Anytime Analysis on BinVal: Adaptive Parameters Help
TLDR
This paper analyzes the anytime performance of randomized search heuristics on BinVal, showing adaptive mutation rates significantly improve optimization time.
Key contributions
- Analyzes fixed-target run time for optimizing `k` most significant bits on BinVal, simultaneously for all `k`.
- Shows the (1+1) EA with fixed `1/n` mutation rate has `Θ(n log k)` run time on BinVal.
- Demonstrates the sig-cGA (EDA) achieves `Θ(k log n)` expected evaluations on BinVal.
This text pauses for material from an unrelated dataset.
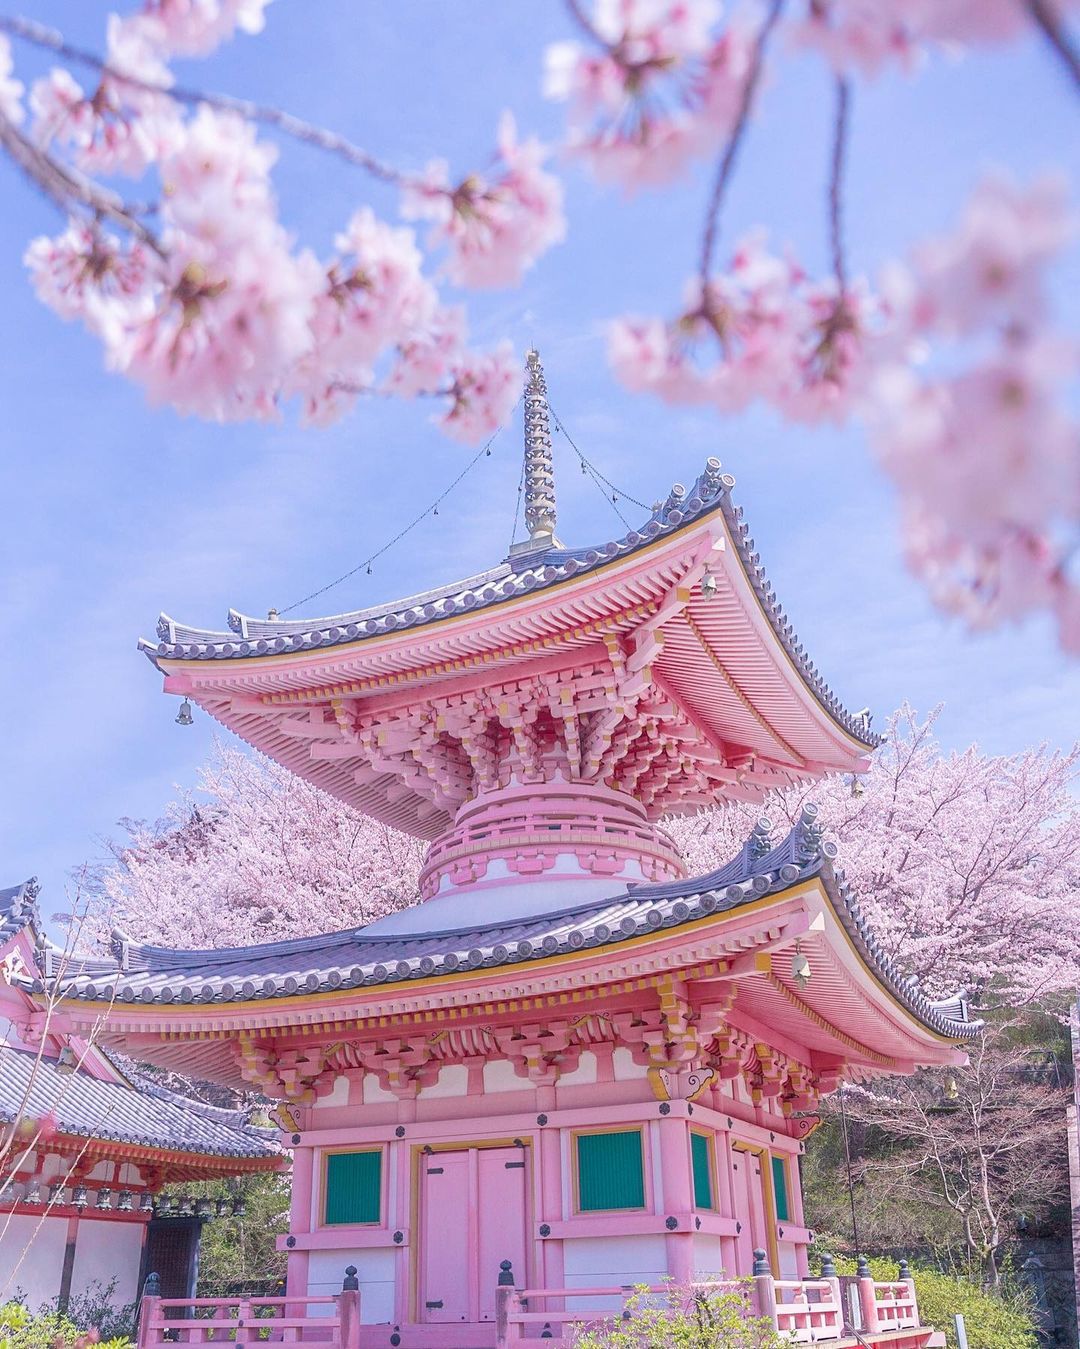 今最も映える春の絶景はこれ Retrip日本の今週のおすすめスポット7選 Retrip リトリップ
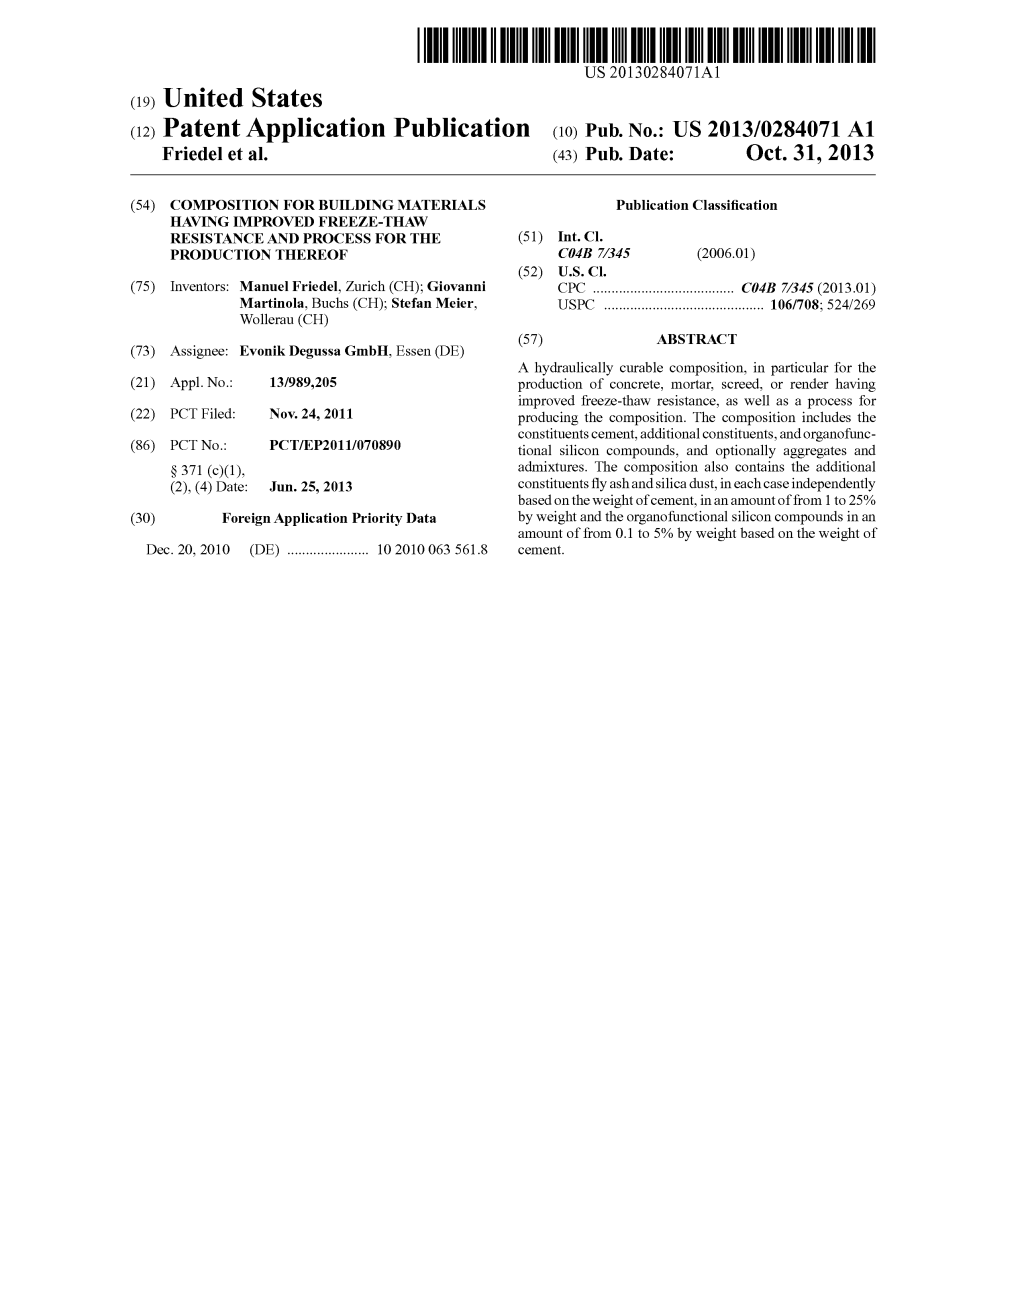 (12) Patent Application Publication (10) Pub. No.: US 2013/0284.071 A1 Friedel Et Al

- Proves a self-adjusting (1+1) EA achieves `O(k^(1+ε))` run time, independent of `n`.
Why it matters
This research is crucial for understanding the practical performance of randomized search heuristics, especially when the target quality `k` is unknown. The finding that adaptive mutation rates can achieve `n`-independent run times highlights the power of self-adjusting algorithms, leading to more robust and efficient optimization strategies.
Original Abstract
While most theoretical run time analyses of discrete randomized search heuristics provide bounds on the expected number of evaluations to find the global optimum, we consider the anytime performance of evolutionary and estimation-of-distribution algorithms. For this purpose, we analyze the fixed-target run time of various algorithms using BinVal as fitness function and bound the run time to optimize the most significant $k \in o(n)$ bits of a bit string with length $n$. We analyze the run times such that they hold not only for a fixed $k$, but simultaneously for all $k \in o(n)$. For the standard (1+1) EA with fixed mutation rate $1/n$, we show that the fixed-target run time for all $k \in o(n)$ is in $Θ(n \log k)$. Using an EDA instead, we get an expected number of evaluations of $Θ(k \log n)$ for the sig-cGA. Replacing in the standard (1+1) EA the fixed mutation rate with a self-adjusting rate, we show that the fixed-target run time for $k \in o(n)$ and a constant $\varepsilon >0$ arbitrarily close to zero is in $\mathcal{O}\left(k^{1+\varepsilon}\right)$ for this algorithm. In particular, this run time is independent of $n$, holds simultaneously for all $k \in o(n)$, and is close to the run time of $Θ(k \log k)$ for the (1+1) EA with the best fixed mutation rate if $k$ is known.